Work to complete
The full listing is to be transcribed exactly, with each picture left out.

Data provided
______
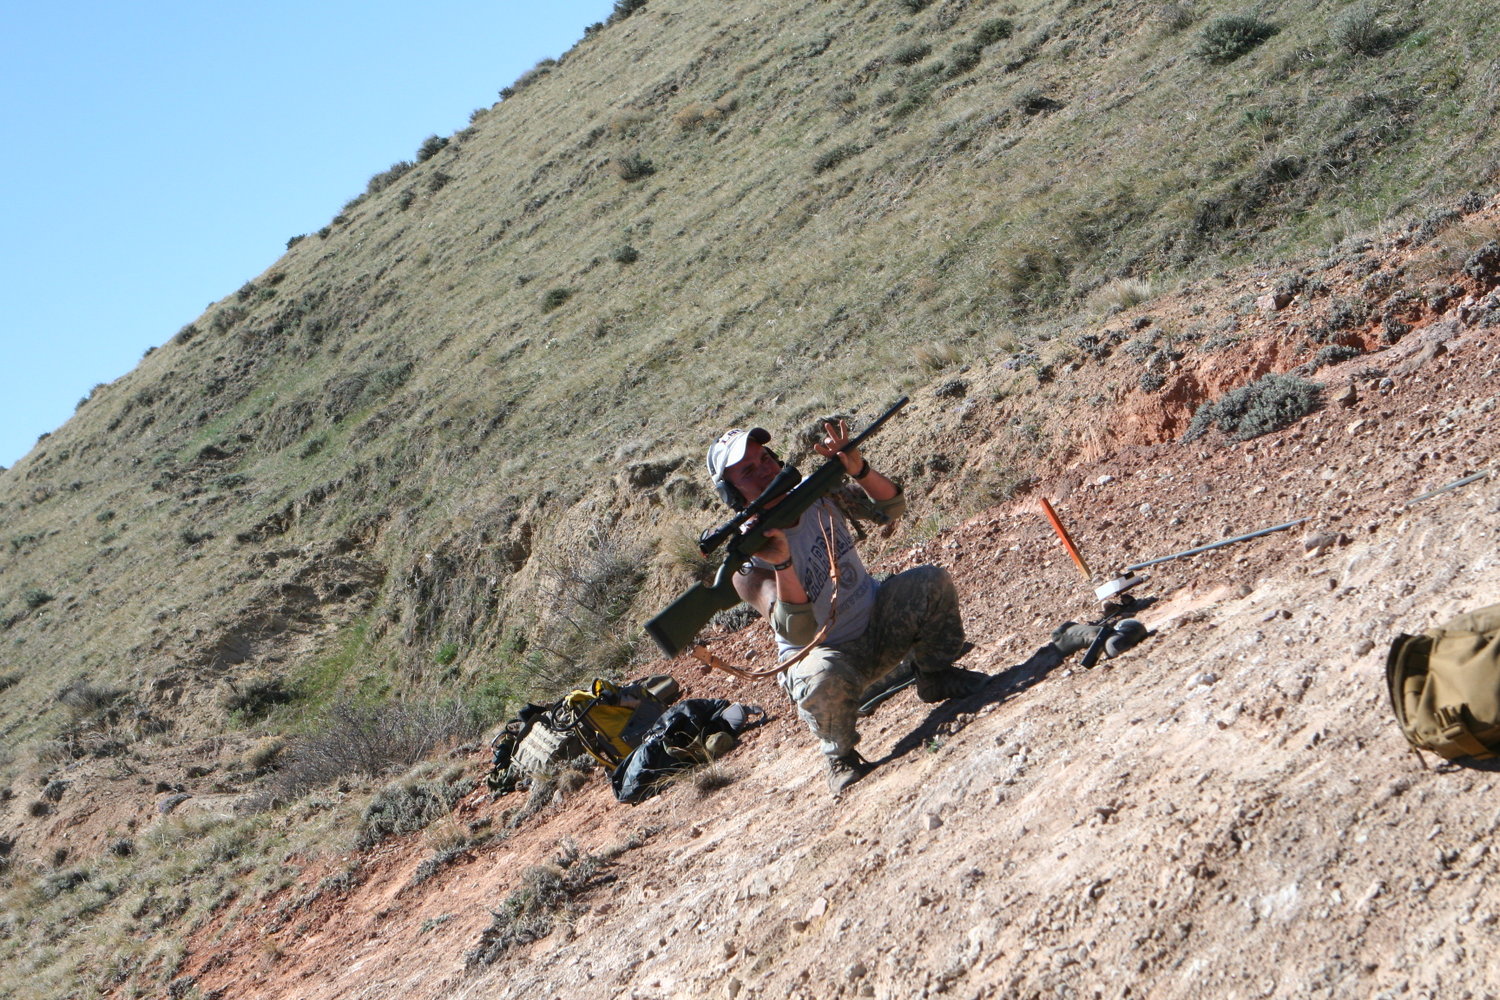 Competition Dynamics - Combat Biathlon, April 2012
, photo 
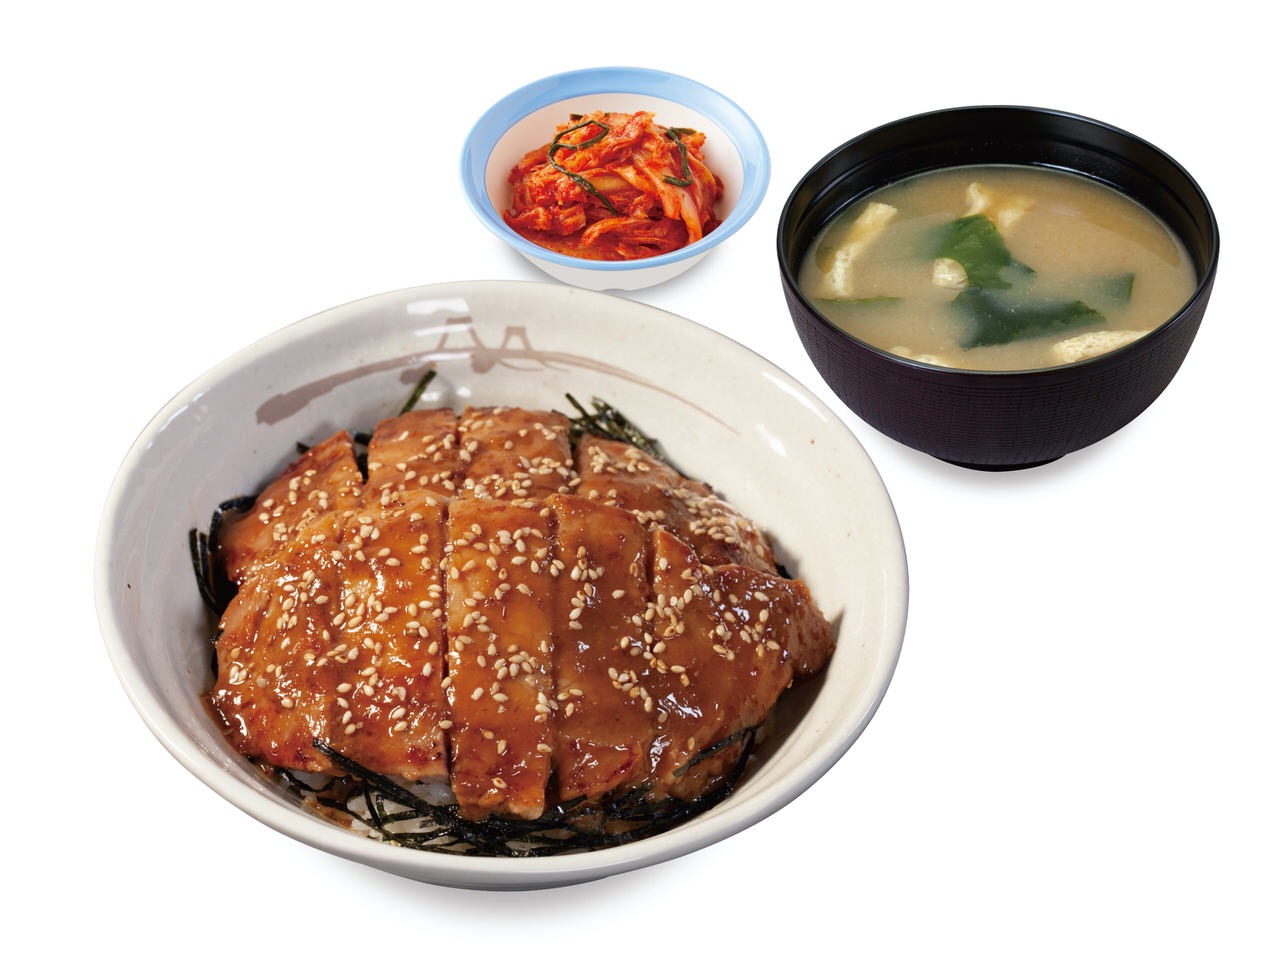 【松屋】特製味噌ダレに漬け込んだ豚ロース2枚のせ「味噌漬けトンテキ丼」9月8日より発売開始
______
Exercise answer
 Competition Dynamics - Combat Biathlon, April 2012
, photo 
 【松屋】特製味噌ダレに漬け込んだ豚ロース2枚のせ「味噌漬けトンテキ丼」9月8日より発売開始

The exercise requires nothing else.